═══ MATERIAL PROVIDED

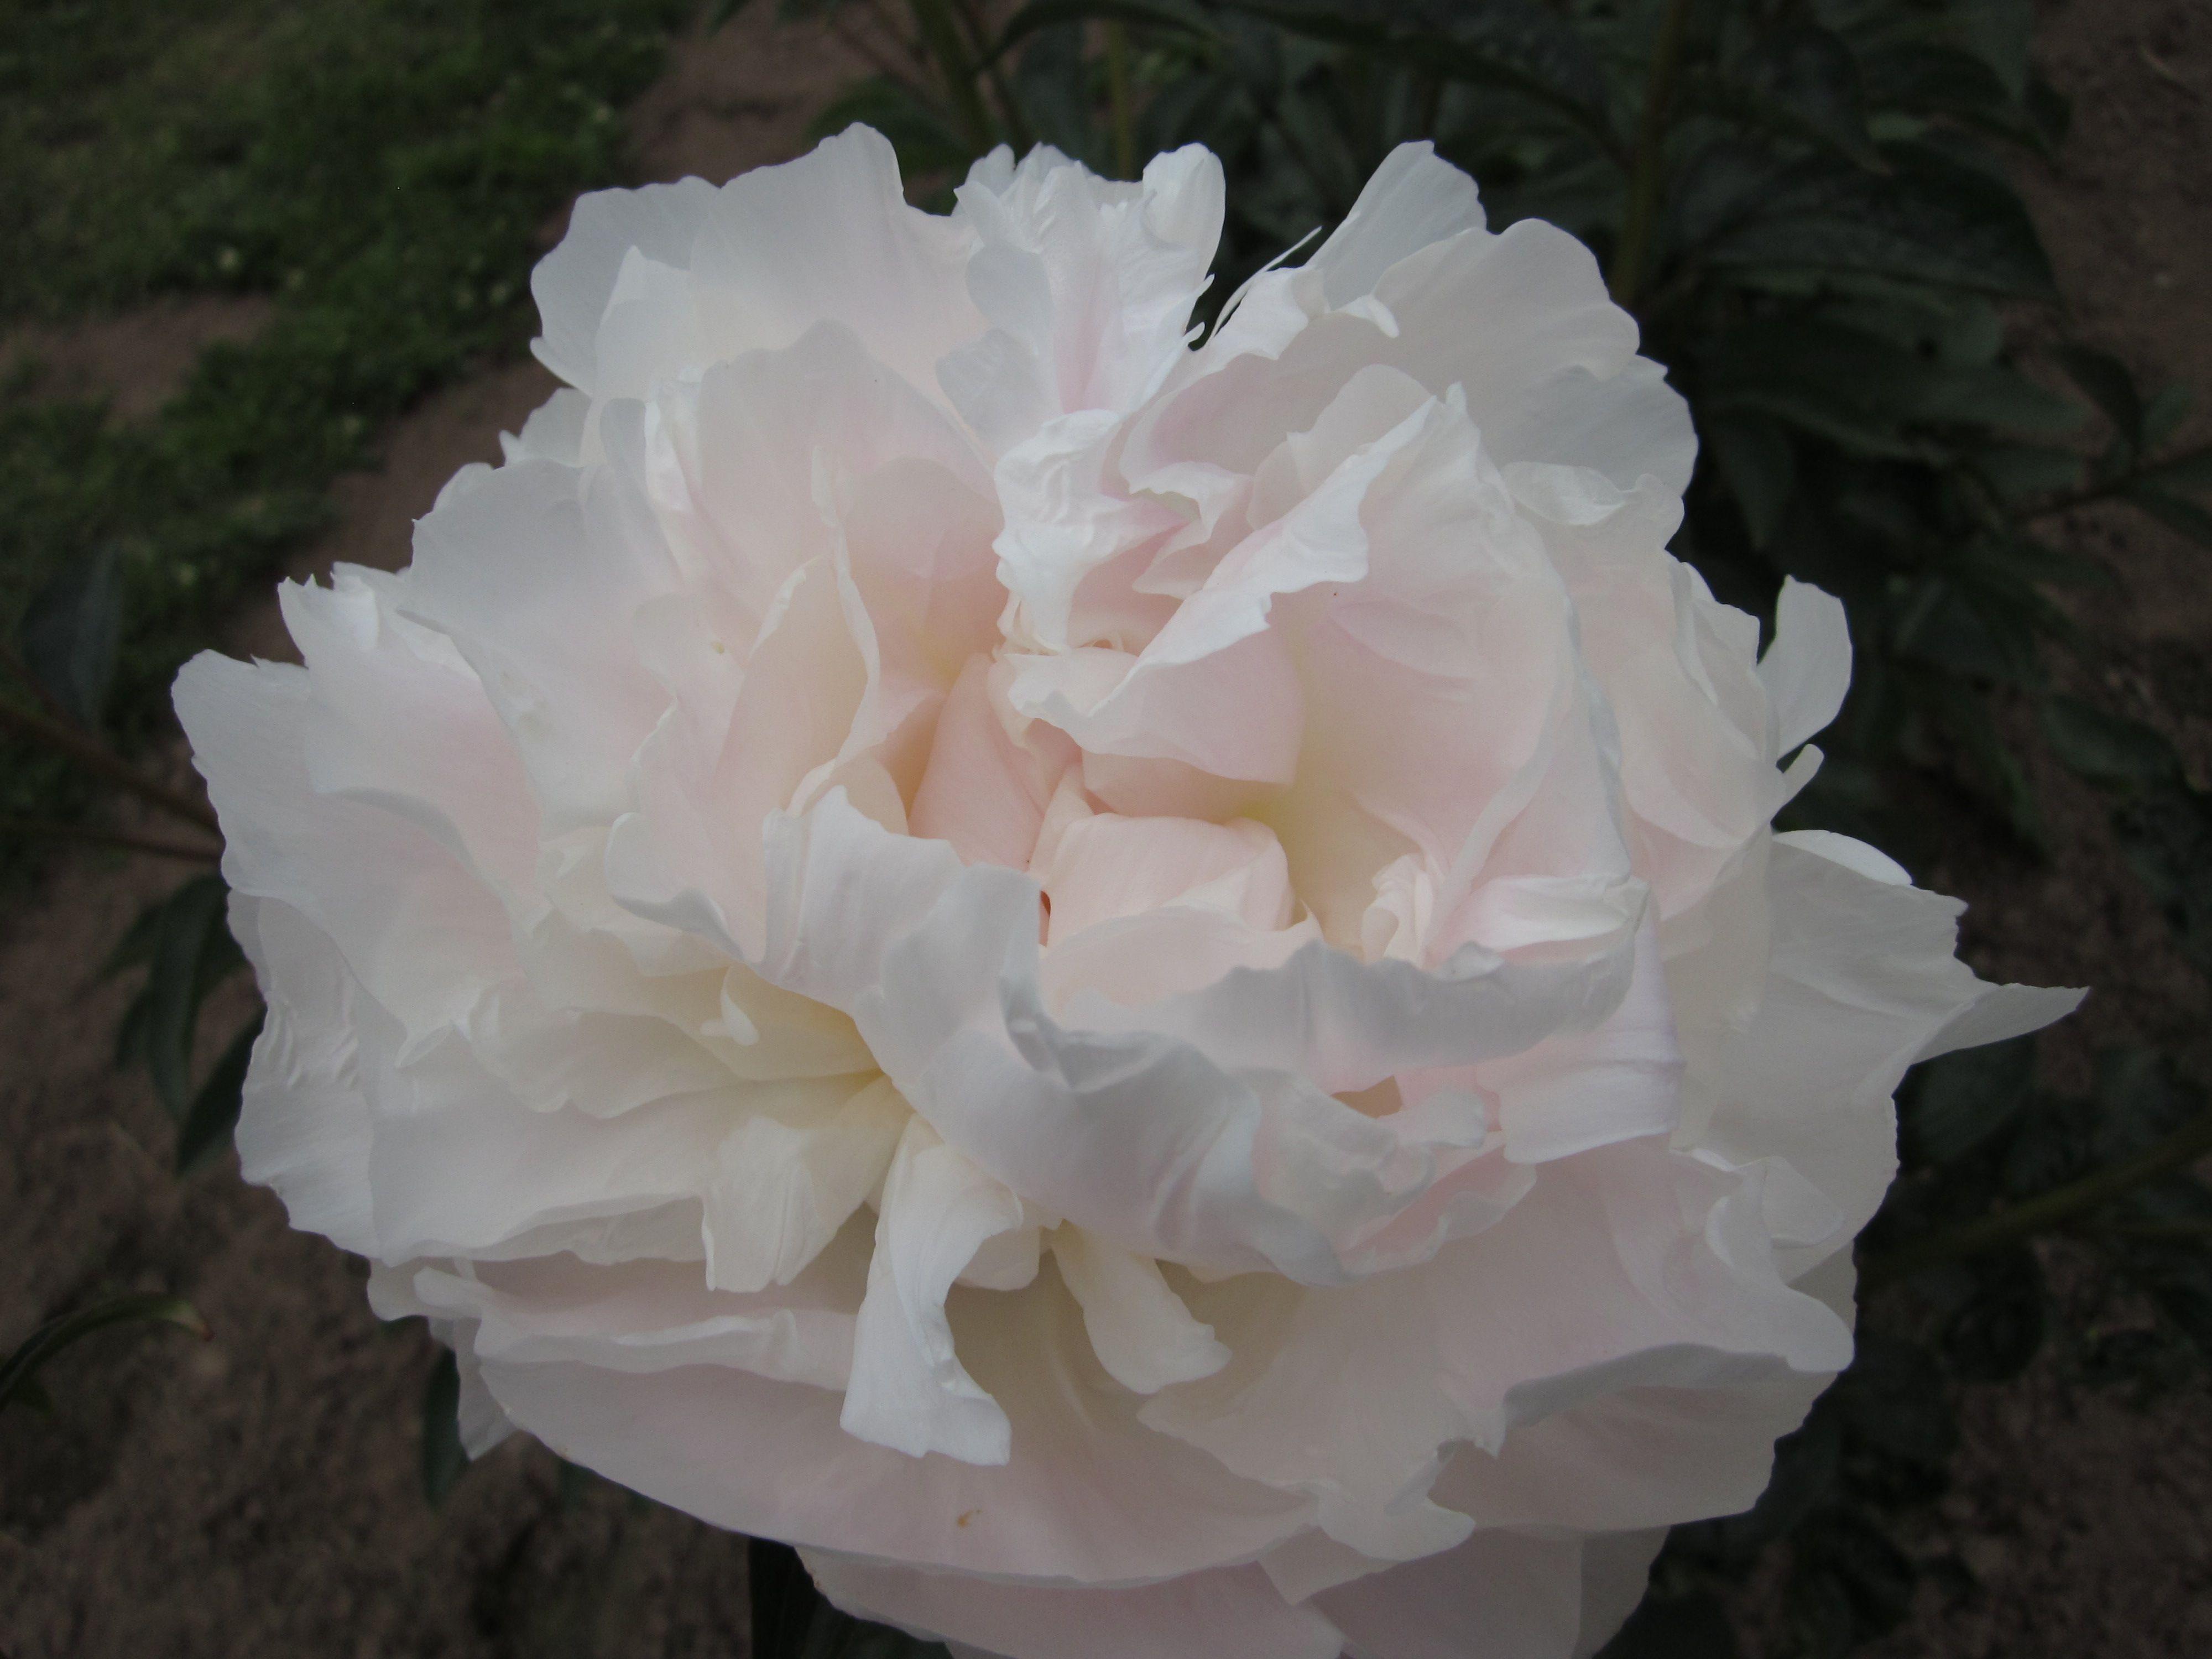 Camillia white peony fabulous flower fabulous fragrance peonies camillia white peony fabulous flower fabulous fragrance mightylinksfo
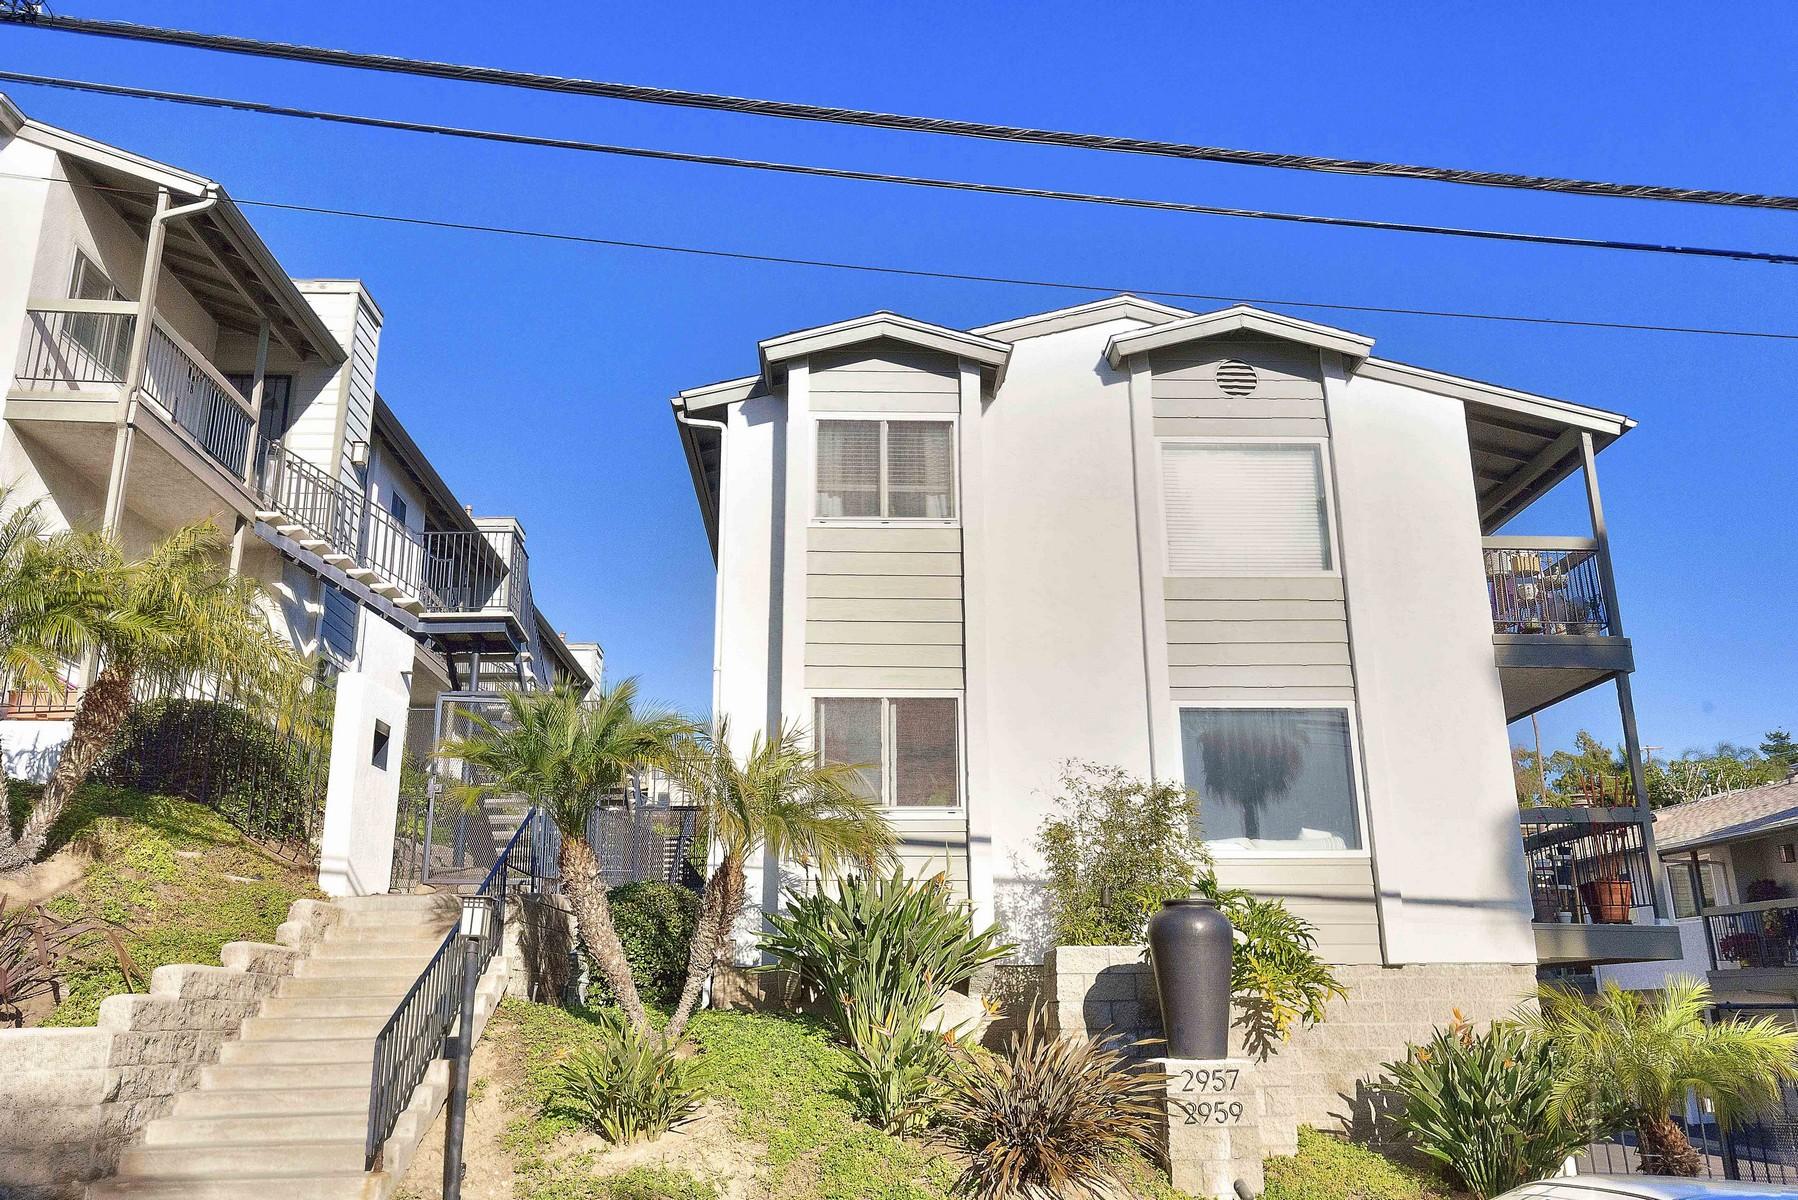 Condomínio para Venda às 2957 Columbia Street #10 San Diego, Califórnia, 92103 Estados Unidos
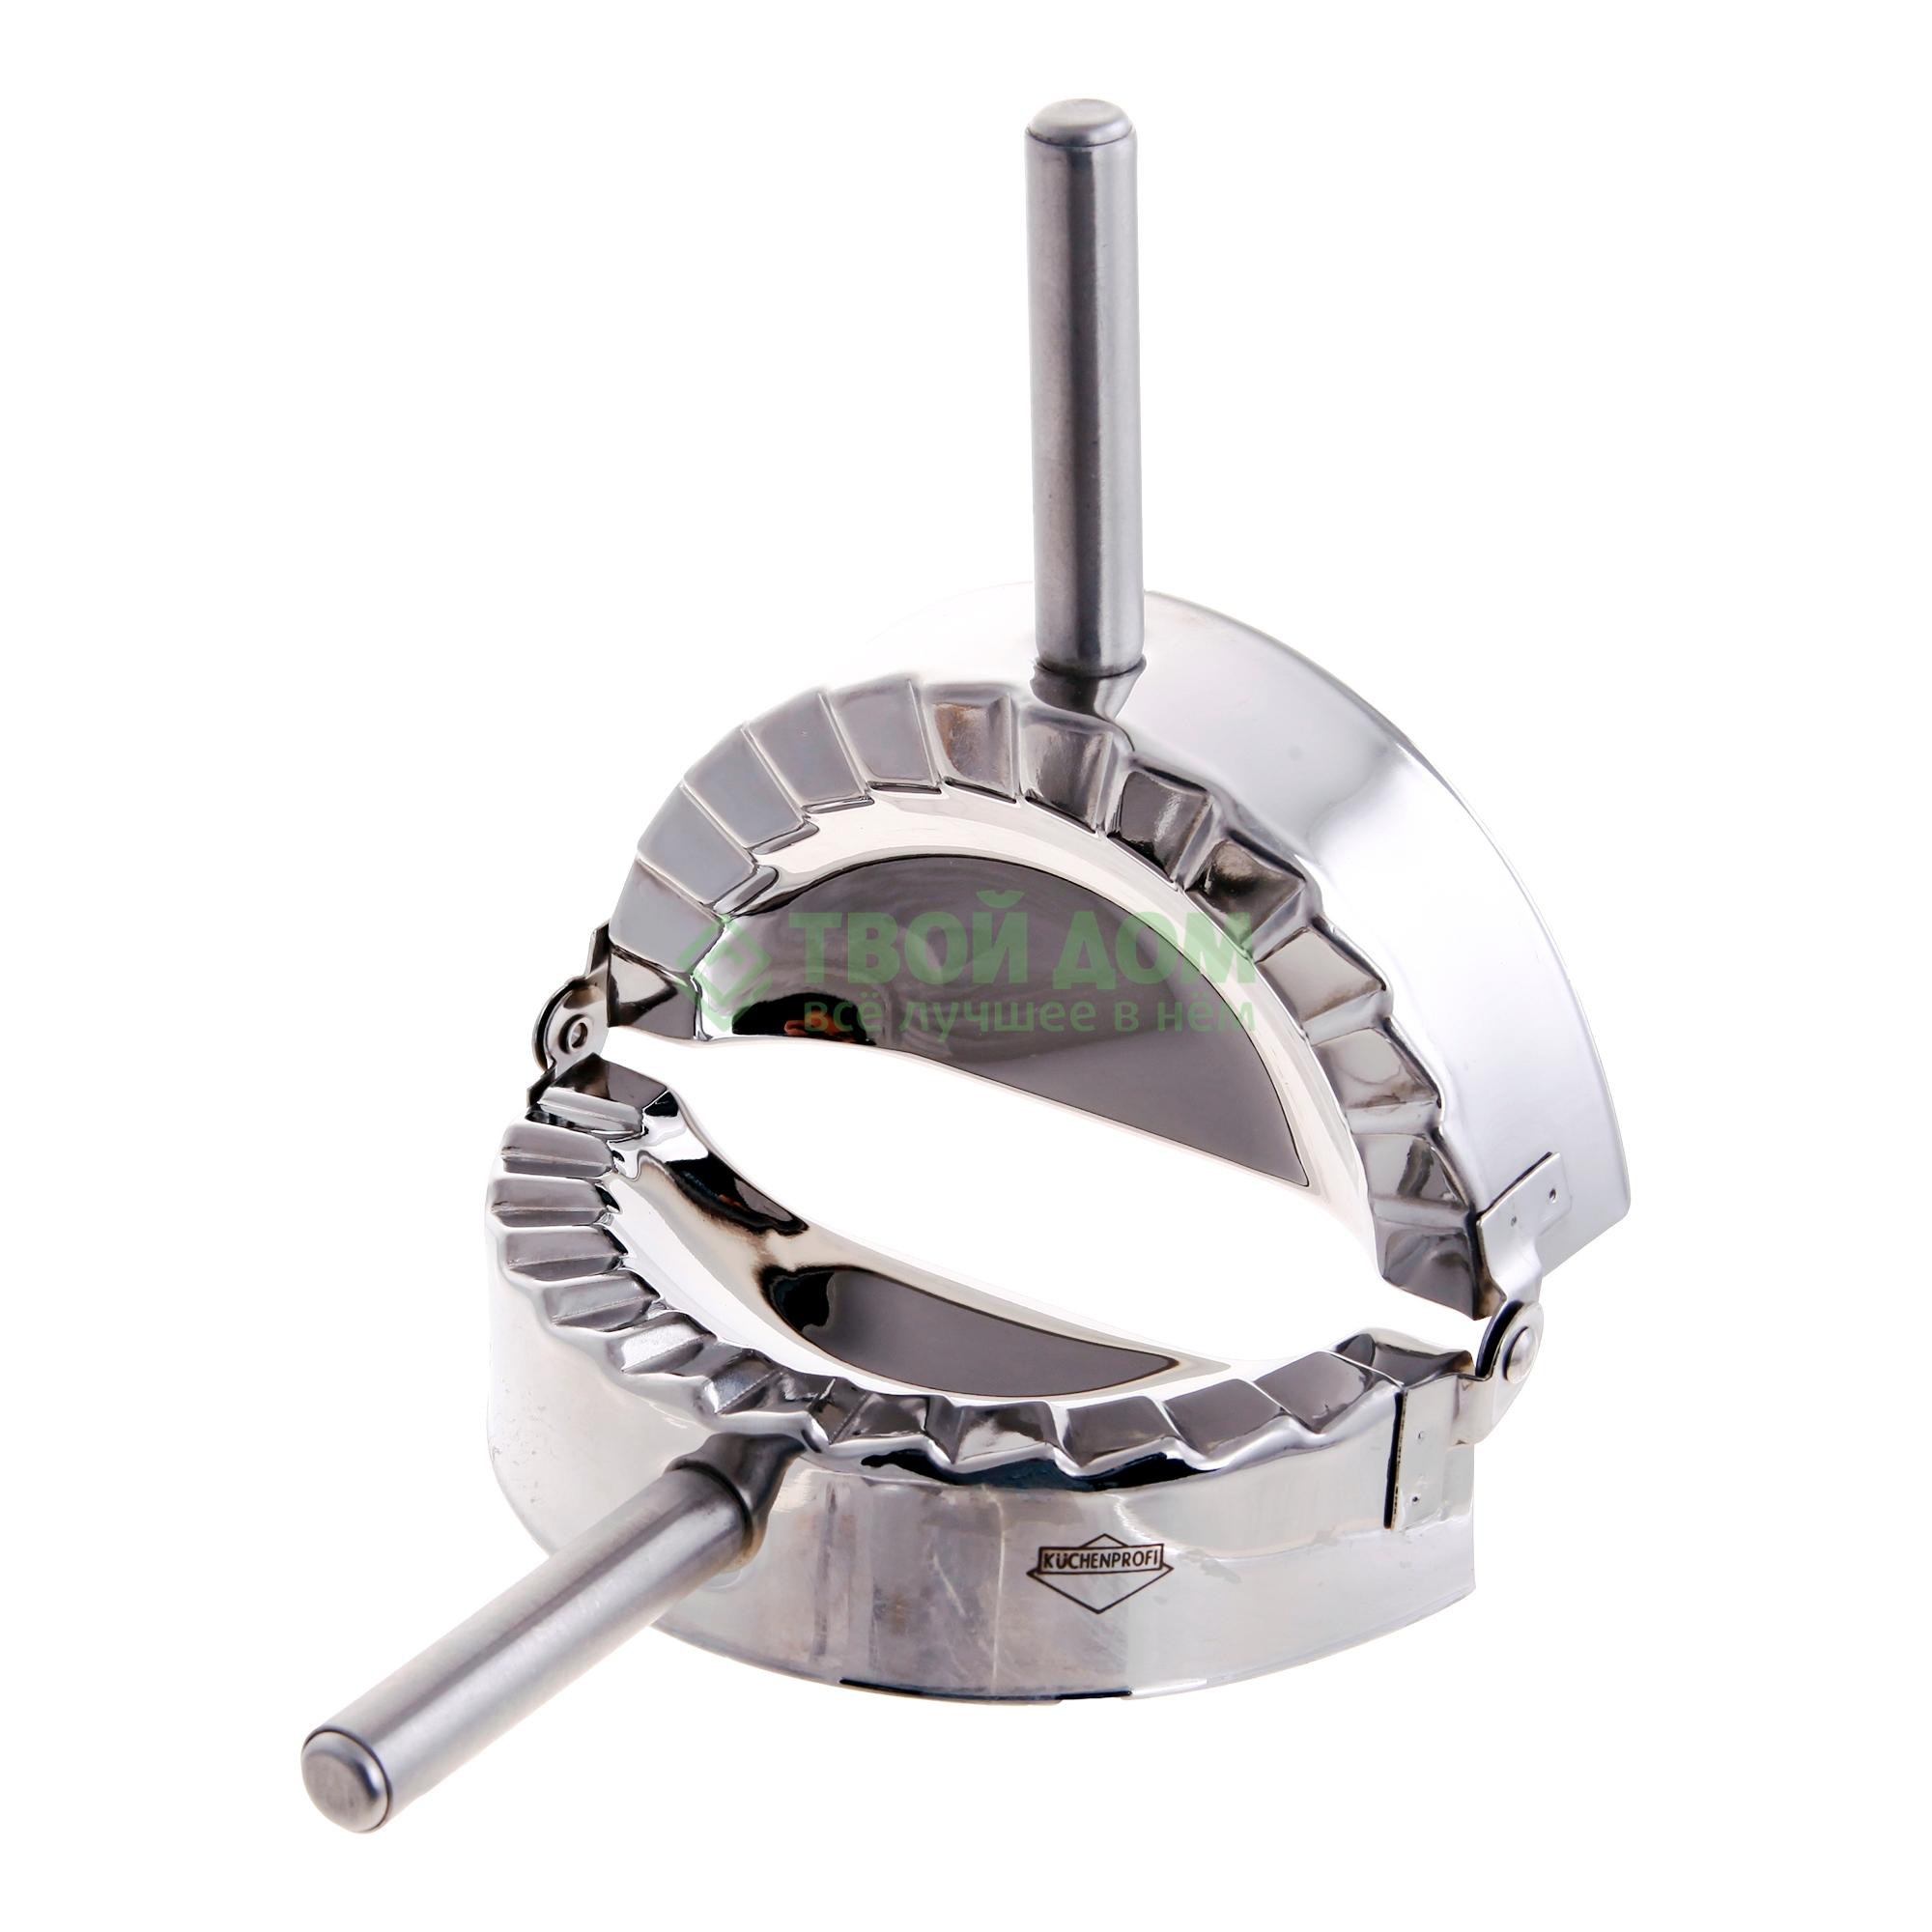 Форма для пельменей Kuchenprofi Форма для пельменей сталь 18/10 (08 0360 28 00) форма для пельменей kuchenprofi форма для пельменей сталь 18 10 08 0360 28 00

══════

▶ GOAL OF THE EXERCISE
What is needed is an exact copy of the lines from the start of the listing above through the line that holds "Condomínio para Venda", with the pictures left out.

▶ EXERCISE OUTPUT
 Camillia white peony fabulous flower fabulous fragrance peonies camillia white peony fabulous flower fabulous fragrance mightylinksfo
 Condomínio para Venda às 2957 Columbia Street #10 San Diego, Califórnia, 92103 Estados Unidos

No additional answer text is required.